The following countries do not classify Modafinil as a controlled substance:
* Canada (not listed in the Controlled Drugs and Substances Act, but it is a Schedule F prescription drug[68], so it is subject to seizure by Canada Customs)
* Mexico[69]
* United Kingdom (not listed in the Misuse of Drugs Act and is available by prescription without legal restrictions)[70]
* Australia (listed as a Schedule 4 prescription drug)
* In Germany the classification has been changed from controlled substance (BtM) to prescription drug (RP) effective since March 1, 2008.
* In India, generic retailing as Modalert is available from Sun Pharmaceuticals.
Currently, use of modafinil is controversial in the sporting world, with high profile cases attracting press coverage as prominent United States athletes have tested positive for the substance. Some athletes who were found to have used modafinil protested that the drug was not on the prohibited list at the time of their offence. However, the World Anti-Doping Agency (WADA) maintains it was related to already banned substances. The agency added modafinil to the list of prohibited substances on August 3, 2004, ten days before the start of the 2004 Summer Olympics.
[edit] In popular culture
In the science-fiction film The Invasion, an alien virus attacks humans while they sleep, so people who want to stay alive need to stay awake. The character played by actress Nicole Kidman is seen rummaging in a pharmacy for a stimulant. She grabs a bottle of Modifinil with a 1-gram dosage (the common dosages for modafinil are 100 mg and 200 mg). In the Legacy of the Aldenata series of science fiction novels, the drug is referred to by the trade name Provigil and is used by military personnel in combination with a powerful stimulant to remain alert.

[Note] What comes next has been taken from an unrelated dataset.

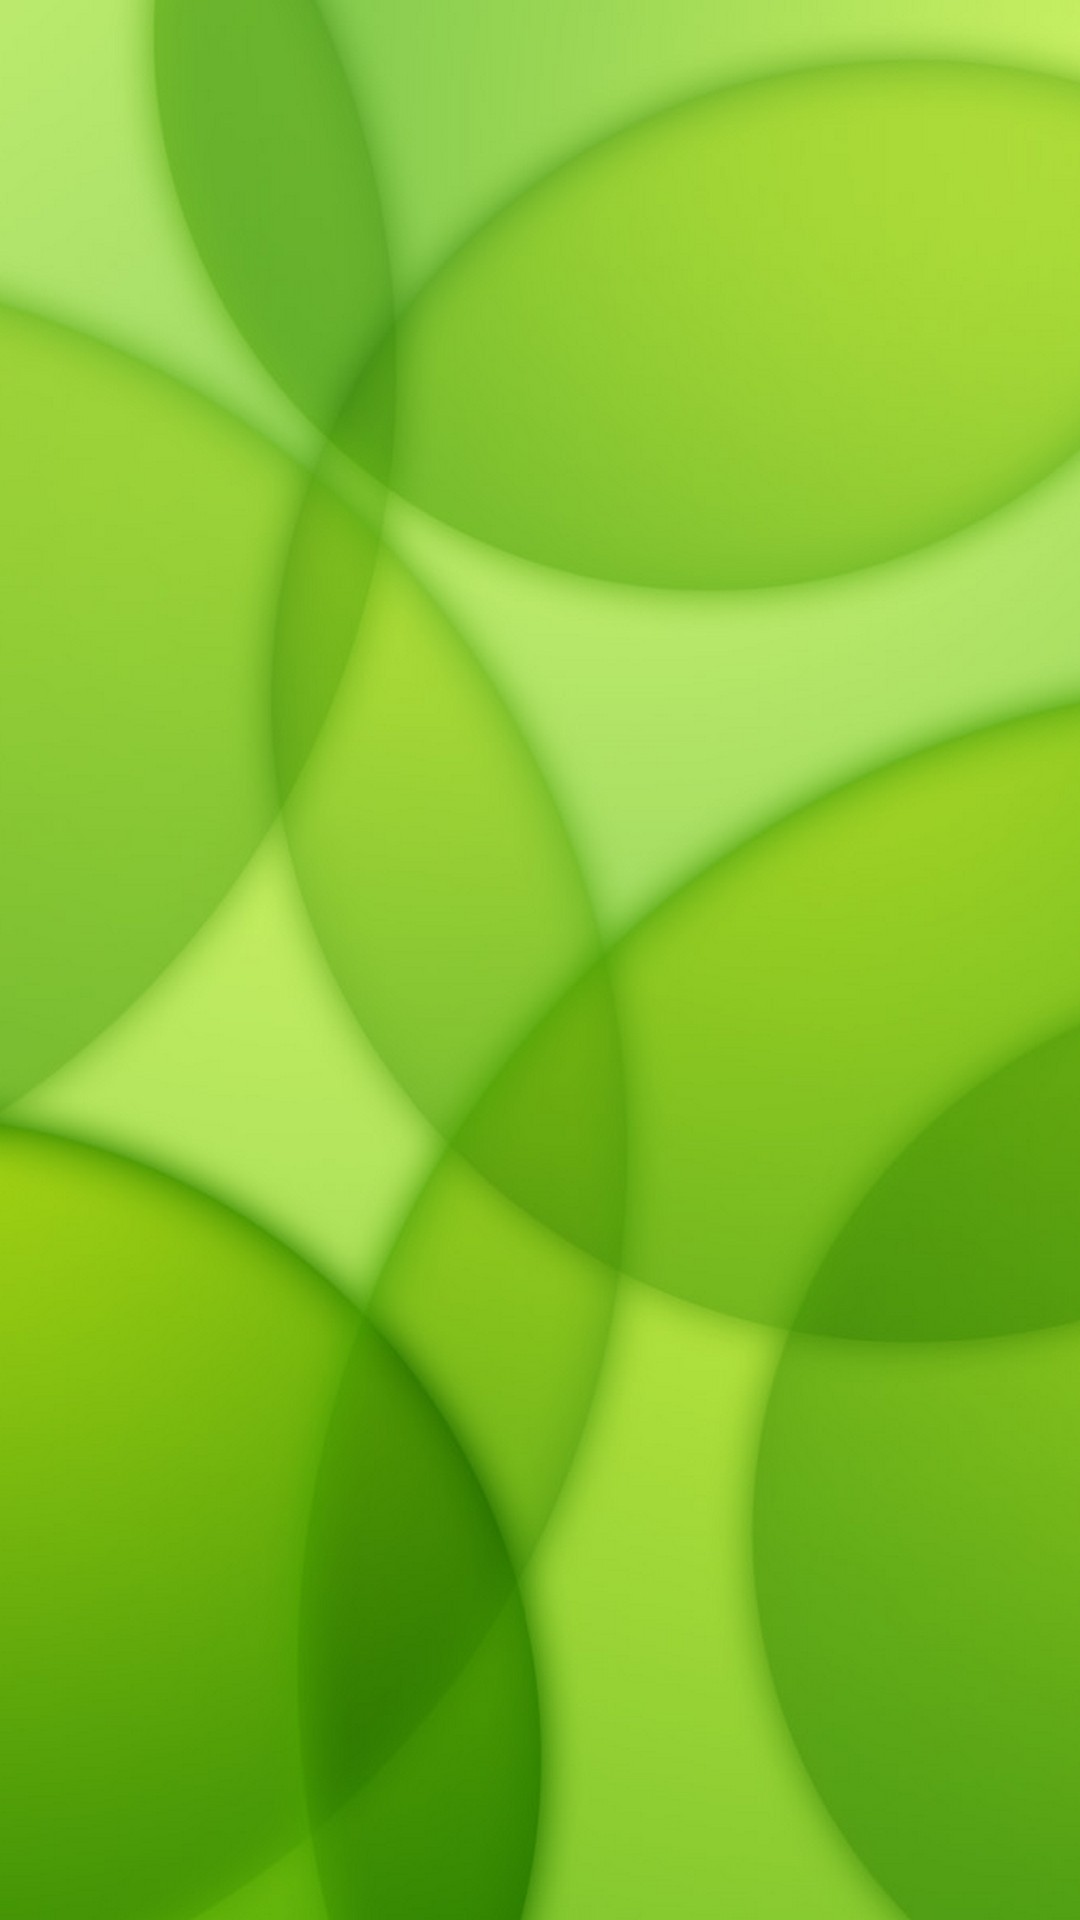 Android Wallpaper Lime Green with image resolution 1080x1920 pixel. You can make this wallpaper for your Android backgrounds, Tablet, Smartphones Screensavers and Mobile Phone Lock Screen

In the television series CSI: Crime Scene Investigation, the season 8 episode "Cockroaches" CSI Warrick Brown, suffering from stress-related insomnia due to his divorce, is shown taking a prescription for 100-milligram Modafinil to help him stay alert at work, but a co-worker becomes concerned that he is taking the pills too often and is taking them in conjunction with a prescription for sleeping pills (which are later referred to as Zolpidem). In the television series House, the season 2 episode "Forever" ends with a scene where Dr. Foreman is testing his memory with flash cards containing dosage information for various prescription drugs. After briefly giving up in frustration, he realizes Dr. Cameron saw him and decides to continue. Upon reading the next card, he smiles in triumph: the card is turned over to reveal the drug was Modafinil. On the Law & Order: SVU episode Hothouse a 15-year old girl used Provigil to study harder and ended up killing her roommate.